Bio
The Long and Short of It
My mother used to put a pudding bowl over my head before cutting my hair. Well, maybe that’s not entirely true, but she might as well have. As a child, all I longed for was a fringe that didn’t look as if it had been trimmed to within an inch of its life.
As I got a little older and my hair was allowed to grow, Mum took to weaving it into tight plaits. Not the ones that covered your ears and hung down at the sides, trailing down the front of your school blouse in very casual sort of way. Not at all. My mother’s preference was to tightly wind my plaits behind my ears (which were now on view for all to see) and, with the aid of kirby grips, ensure that this was where they firmly stayed.

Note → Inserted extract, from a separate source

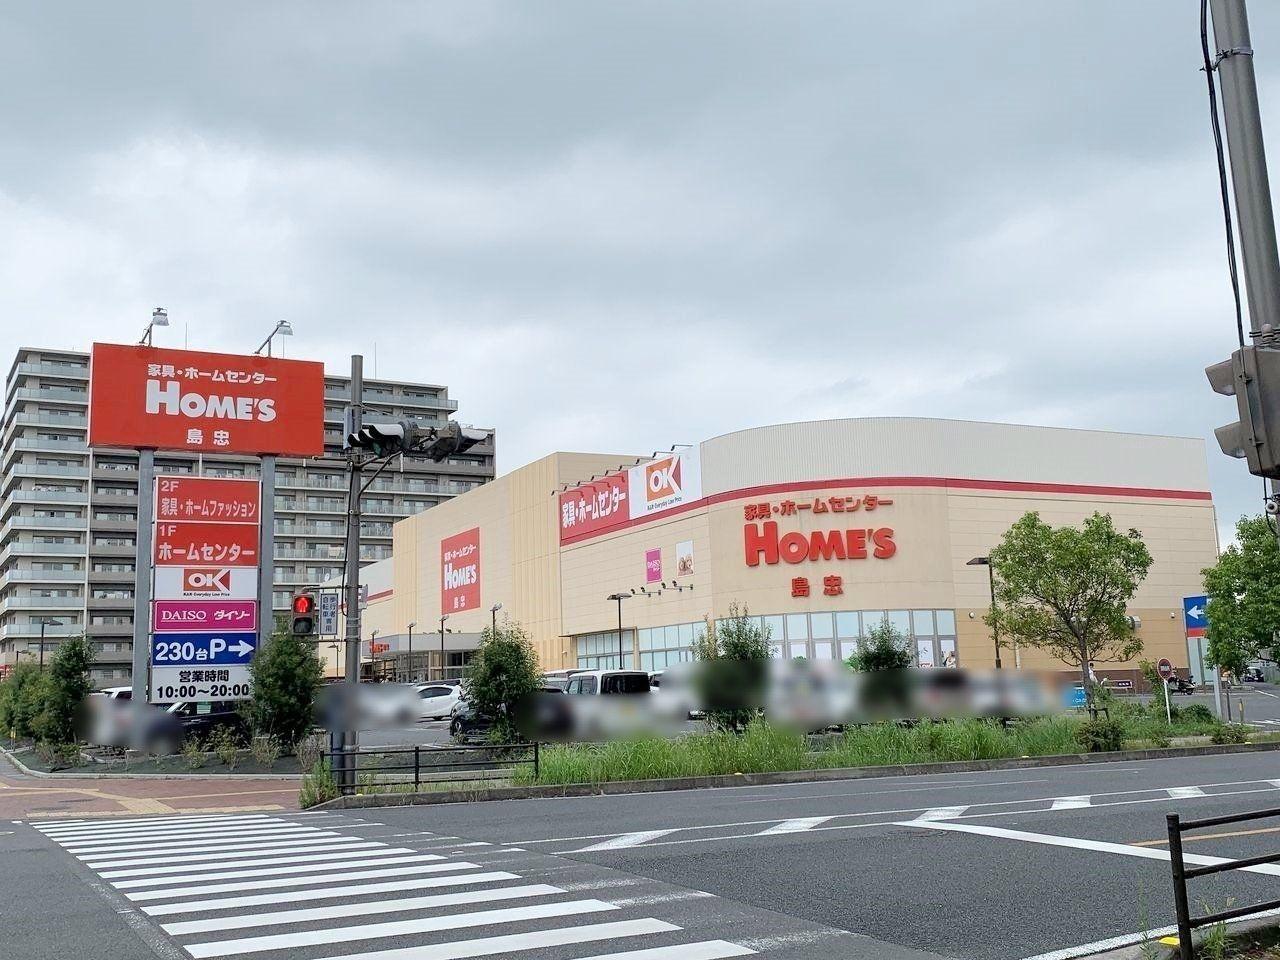 三郷市中央3-33-8 営業時間:10:00~20:00 つくばエクスプレス三郷中央駅徒歩約3分
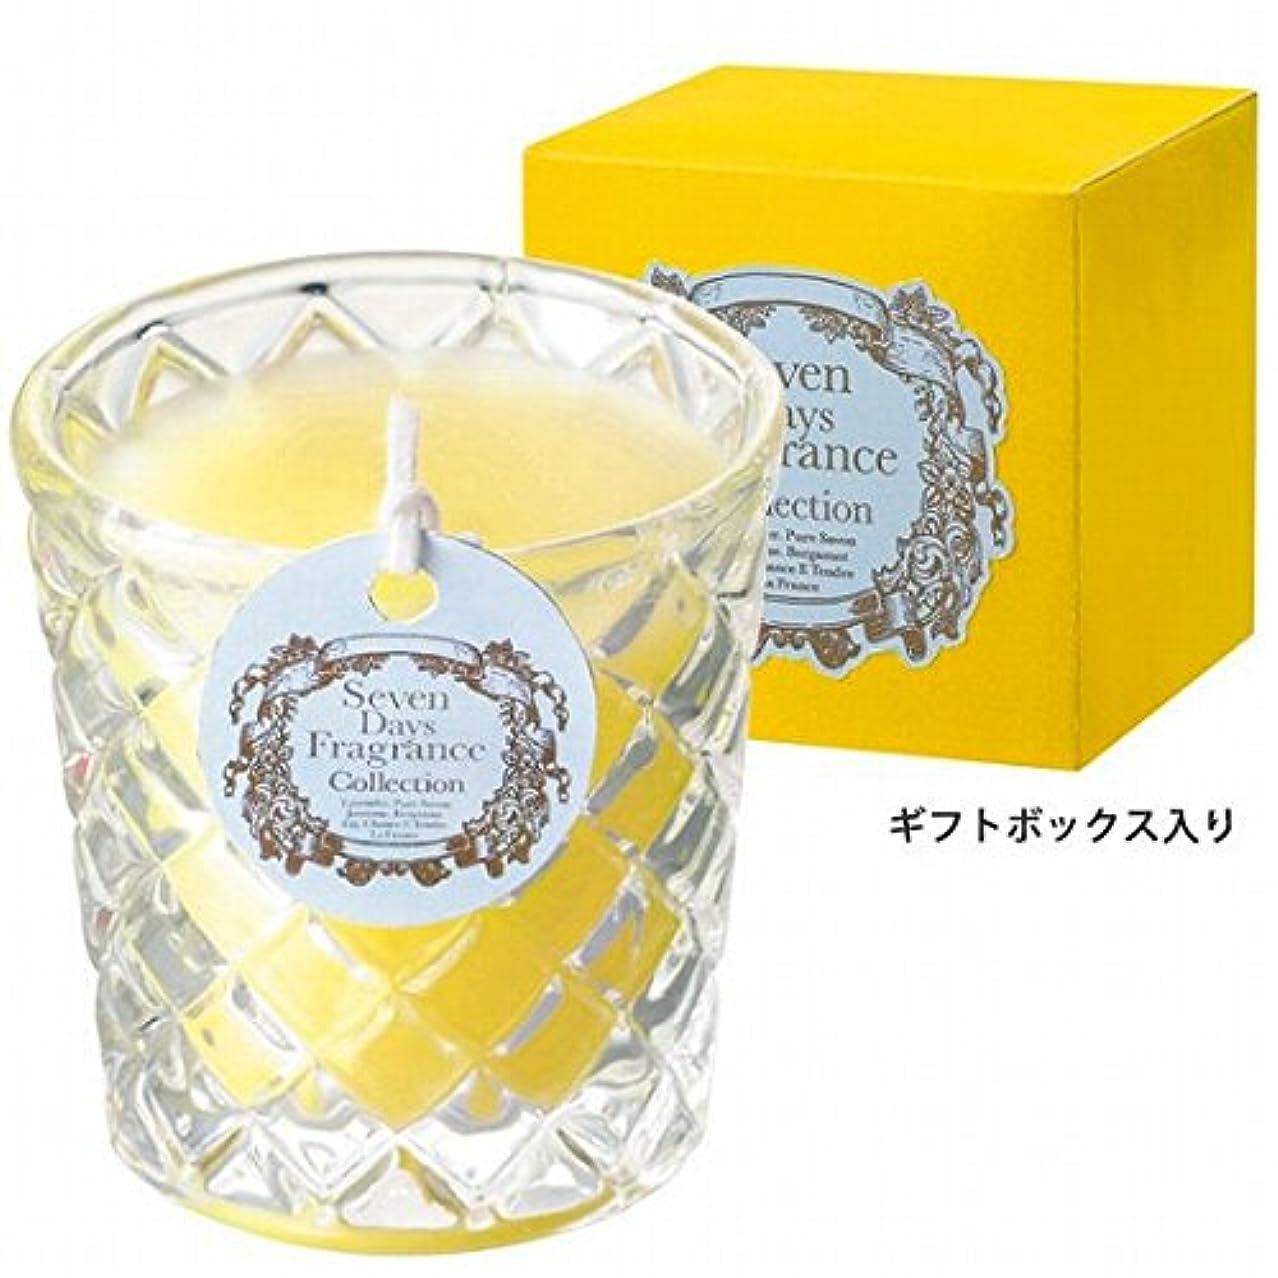 道徳の番目狂うカメヤマキャンドル(kameyama candle) セブンデイズグラスキャンドル(水曜日) 「 ベルガモット 」

I’ll never forget the look on Mum’s face when I arrived back home from university, sporting flowing crimped hair highlighted with red food colouring. I thought I was the bee’s knees. Her pained expression suggested otherwise.
Since then, my hair has been through many incarnations. And so have I.
As a traveller, I’ve held the hand of a dying auto rickshaw driver, taken part in an Indian pilot TV show and rubbed shoulders with Bollywood stars; I’ve drunk beer with traumatised US war veterans in Saigon and battled claustrophobia in the underground tunnel network used by the ‘tunnel rats’; I’ve flipped pancakes in Boston and checked crisp packets in a French usine.
As a long-term resident, I’ve witnessed the drama and excitement of the handover of Hong Kong to its Chinese motherland. As a daughter, I’ve lived through the distress of my late father’s hallucinatory dementia. As a walker, I’ve conquered Jacob’s Ladder, and as a party animal I’ve danced the night away in far-flung corners of the world. I know the backstreets of cities, towns and villages separated by thousands of miles.
As an animal lover, I’ve helped rescue countless stray cats and dogs, secured a chained pet monkey’s release to the wild, and aided the rehabilitation of mistreated tourist camels.
As a reader, I’ve been inspired and uplifted by Richard Bach, and I’ve recently fallen in love with Alan Bennett all over again. As a writer, I know that everyone has a story worth telling. Even if it does start with their hair.